While enjoying our dinner, in addition to the pelicans, we noticed the cormorants again at work diving for their dinners along with a trio of ospreys hovering far above the water while eying the bay for any fish that strayed too close to the surface. In the hour or so we were there we watched as the ospreys plunged into the brine three or four different times while coming up with fish in their talons.
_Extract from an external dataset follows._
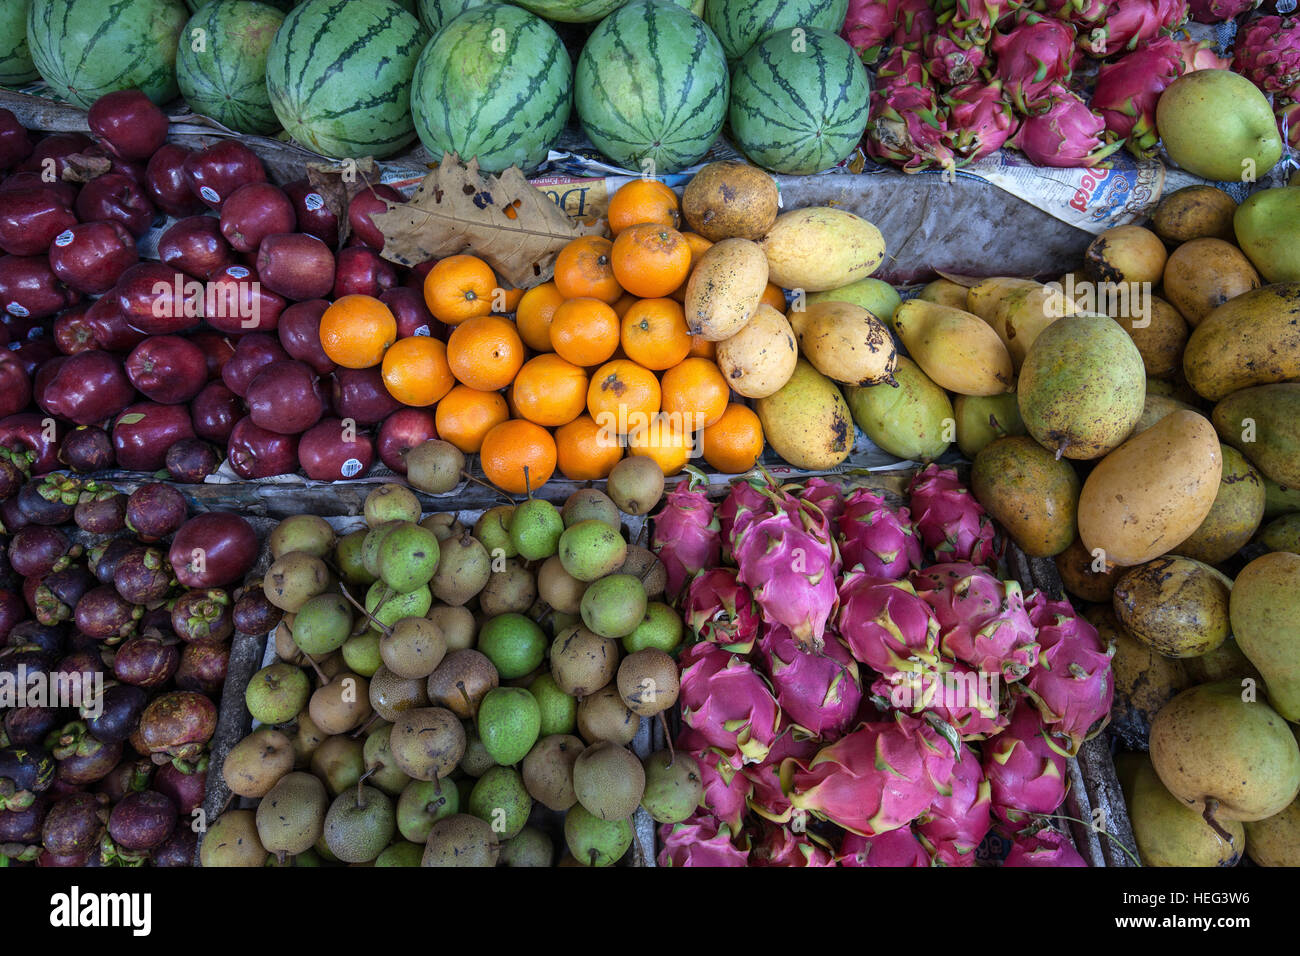 Fruit stall, melons, apples, mango, oranges, dragon fruit, mangosteens, Central Province, Sri Lanka Stock Photo
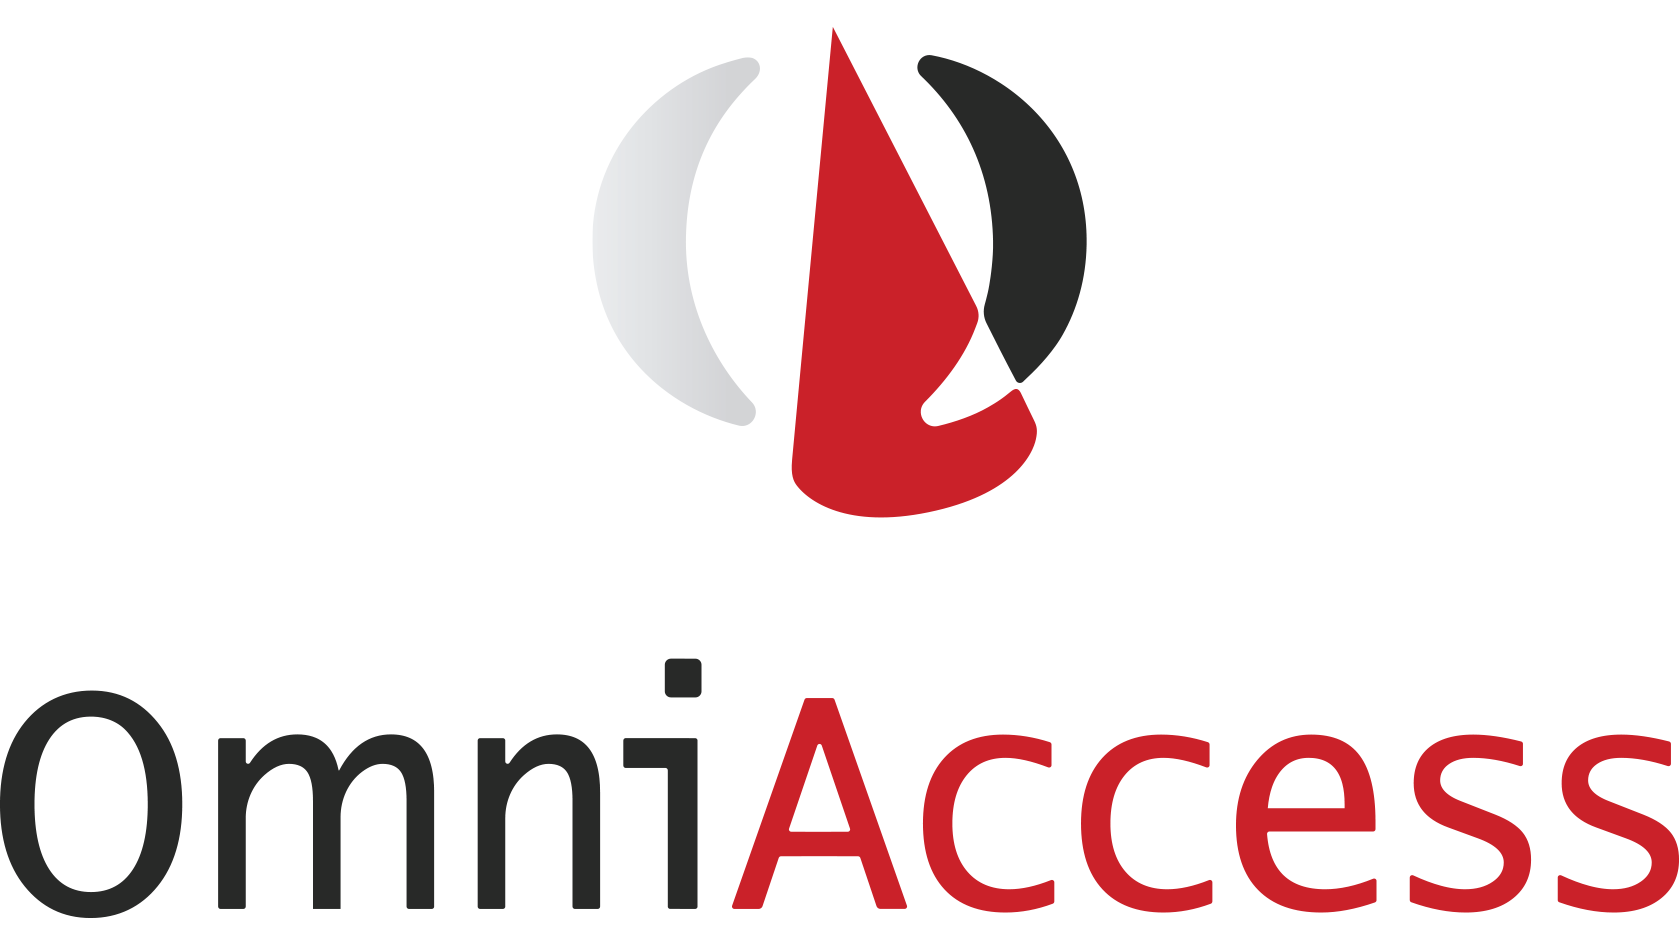 OmniAccess logo

By the way, a squadron of brown pelicans is featured in a cameo appearance at the end of the 1993 movie Jurassic Park, a scene suggesting that pelicans may have descended from ancient pterodactyl dinosaurs, or so they say.
White Marlin Open results
Although I fished the White Marlin Open two years ago to celebrate the tourney’s 50th anniversary and brought a respectable yellowfin tuna to the scales (but finished out of the money), I sat out the tournament this year. On the other hand, some 282 boats were entered in this year’s event, billed as the world’s largest billfish tournament. After the tournament was extended for two days due to foul weather and rough seas, the big winner was the team aboard the Billfisher with a 72-pound white marlin that brought $3,914,197 in winnings (second place, a 71 pounder, was brought to the scales aboard Catch 23, basketball great Michael Jordan’s boat, a fish worth $400,000).
The biggest fish of the tourney was a 929.5-pound blue marlin worth $1,237,886 caught by an angler on the Barbara B, a boat that added to its winnings by also catching the largest dolphin of the event, a 32.50-pound fish worth $19,950. The biggest tuna was caught by the folks on the Sea Hab that weighed in at 188 pounds and won $764,325. Pottstown’s own Chris Jones, fishing aboard the Shooting Star, caught the only wahoo of the tourney, a 49.5-pound fish worth $74,145. The wahoo category holds a special place in my heart because when I fished the 14th annual White Marlin Open 38 years ago, our team caught the biggest wahoo, a 63 pounder. The payoff wasn’t all that great back in the day, but it did cover our expenses and then some.